THE Securities and Exchange Commission (SEC) has rolled out rules that will serve as a guide for investment companies in boosting sustainable and responsible investing.

“The commission is aware of the measures taken by various regulators to enhance the transparency of and disclosures related to sustainability-related products to improve comparability between funds which incorporate environmental, social, and governance into the investment process,” said the SEC.

In a memorandum circular posted on Tuesday, the SEC said that the rules will be applicable to newly formed and existing investment companies that are qualified for the Sustainable and Responsible Investment (SRI) Fund.

The rules also apply to non-SRI investment companies that incorporate sustainability factors in their investment objective and disclose these in their registration statement.

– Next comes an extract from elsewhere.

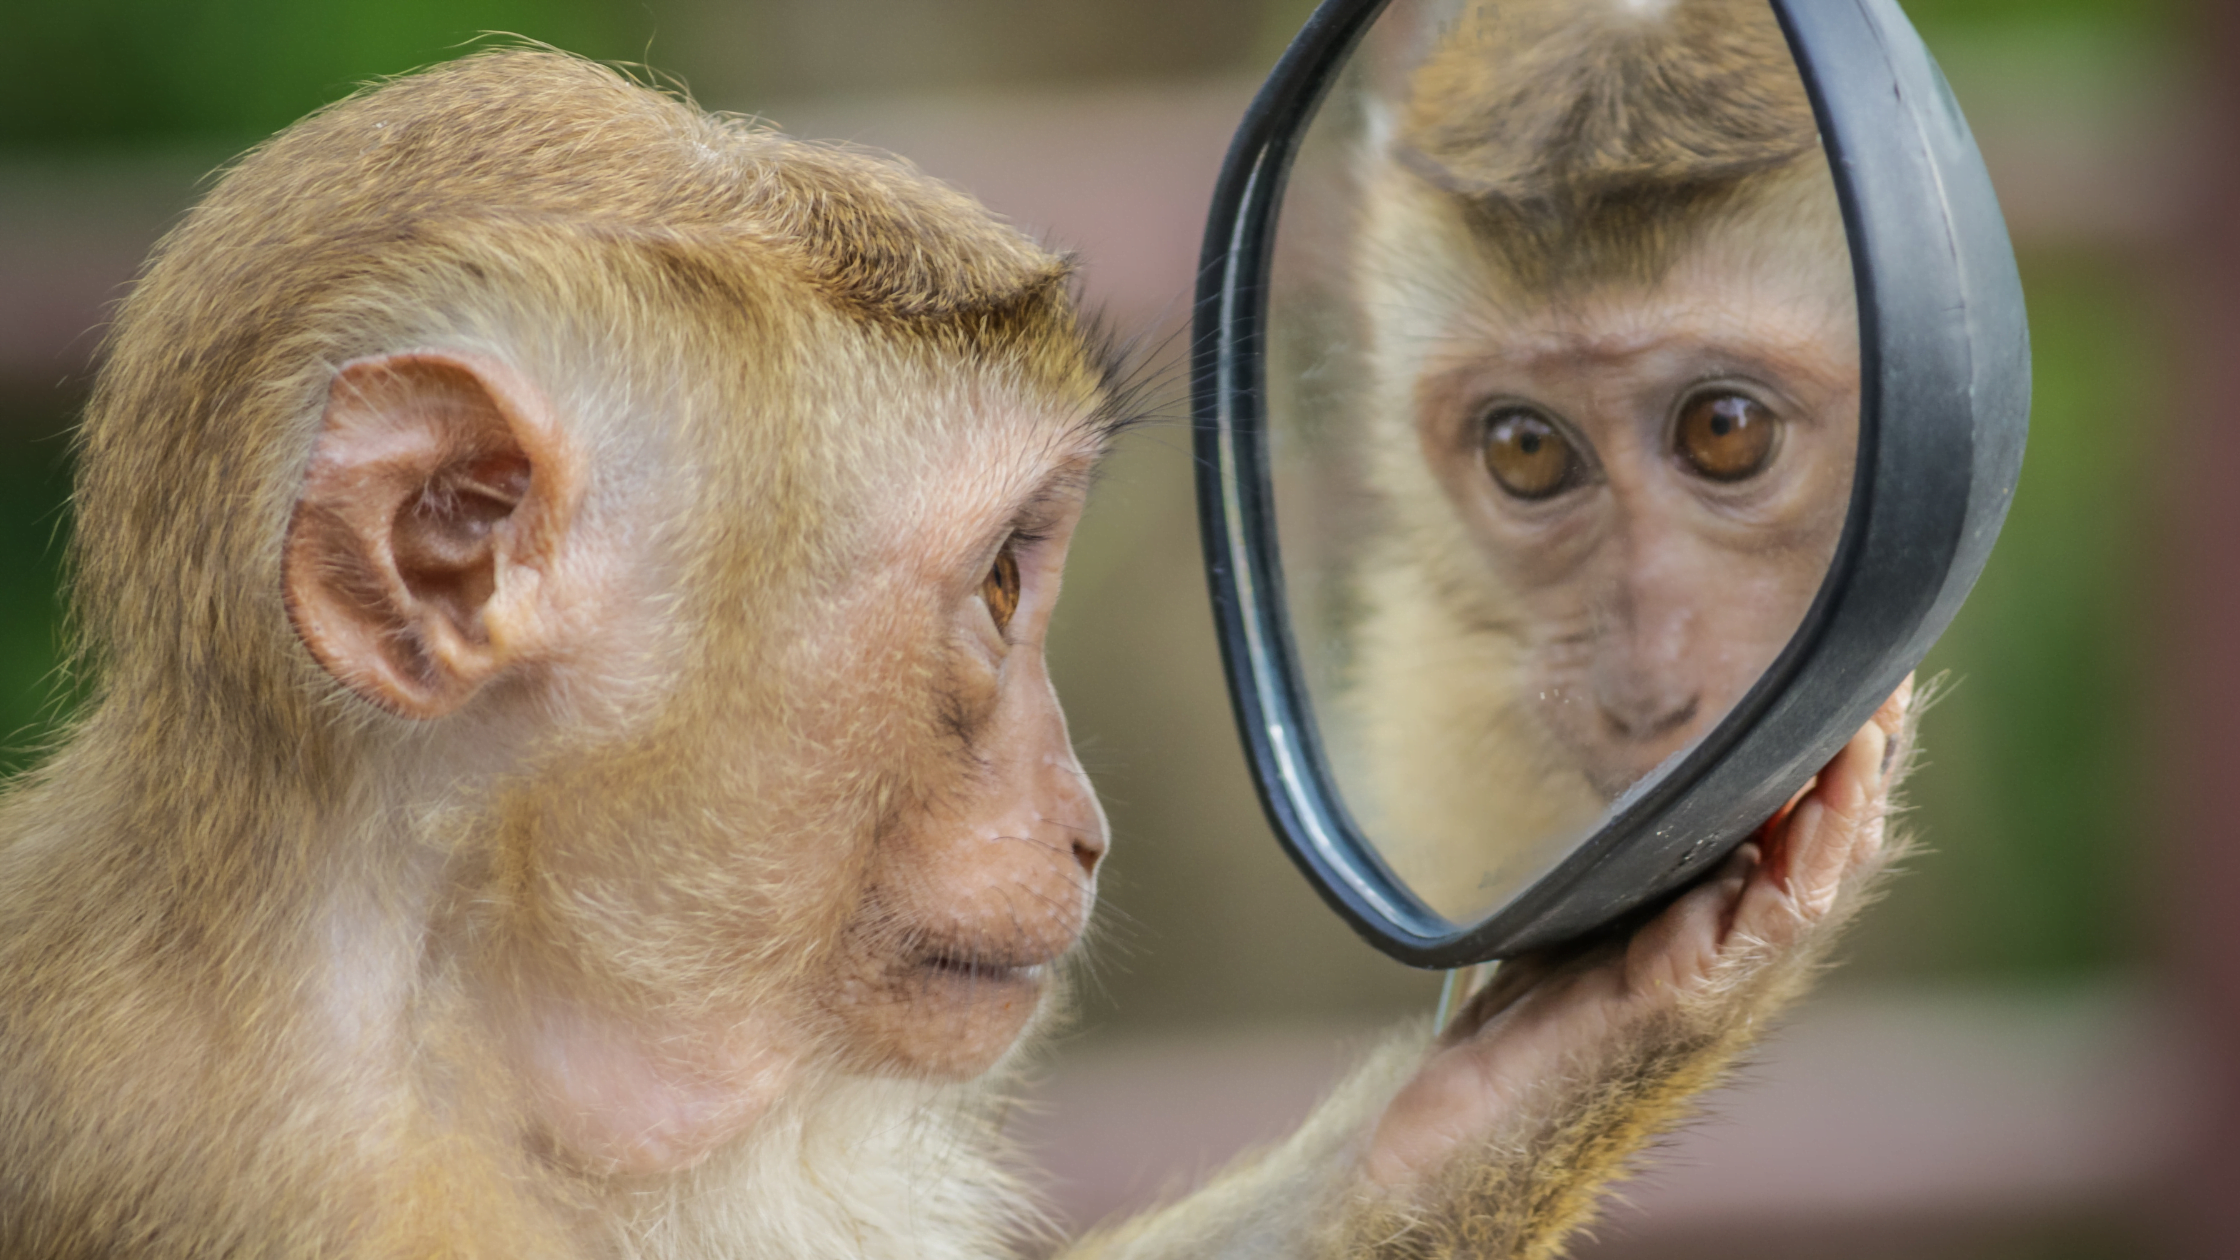 gibbon monkey looking into mirror at own reflection

To be qualified as an SRI Fund, a company must adopt one or more sustainability principles as its key investment focus and reflect it in its registration statement’s investment objective.

The company’s minimum asset allocation percentage that is consistent with the SRI Fund’s objective should account for at least two-thirds of its net asset value.

Investment companies that will seek to qualify as an SRI Fund must submit to the SEC how the name of the fund is proportionate to the sustainability features of the SRI Fund as a whole.

Non-SRI Fund investment companies will not be allowed to use the terms environmental, social, and governance (ESG) and sustainability in their name or their marketing materials unless permitted by the regulator.

The SEC cited the following as sustainability considerations or principles that may be considered by an SRI Fund: United Nations Sustainable Development Goals, United Nations Global Compact Principles, Common Principles for Climate Mitigation Finance Tracking, Green Bond Principles of the International Capital Market Association, and Climate Bonds Taxonomy of the Climate Bonds Initiative.

SRI Funds may adopt negative or exclusionary screening, positive screening, ESG integration, active ownership, thematic investment, impact investment, and other sustainable investment strategies that the regulator sees as helping companies achieve their objectives.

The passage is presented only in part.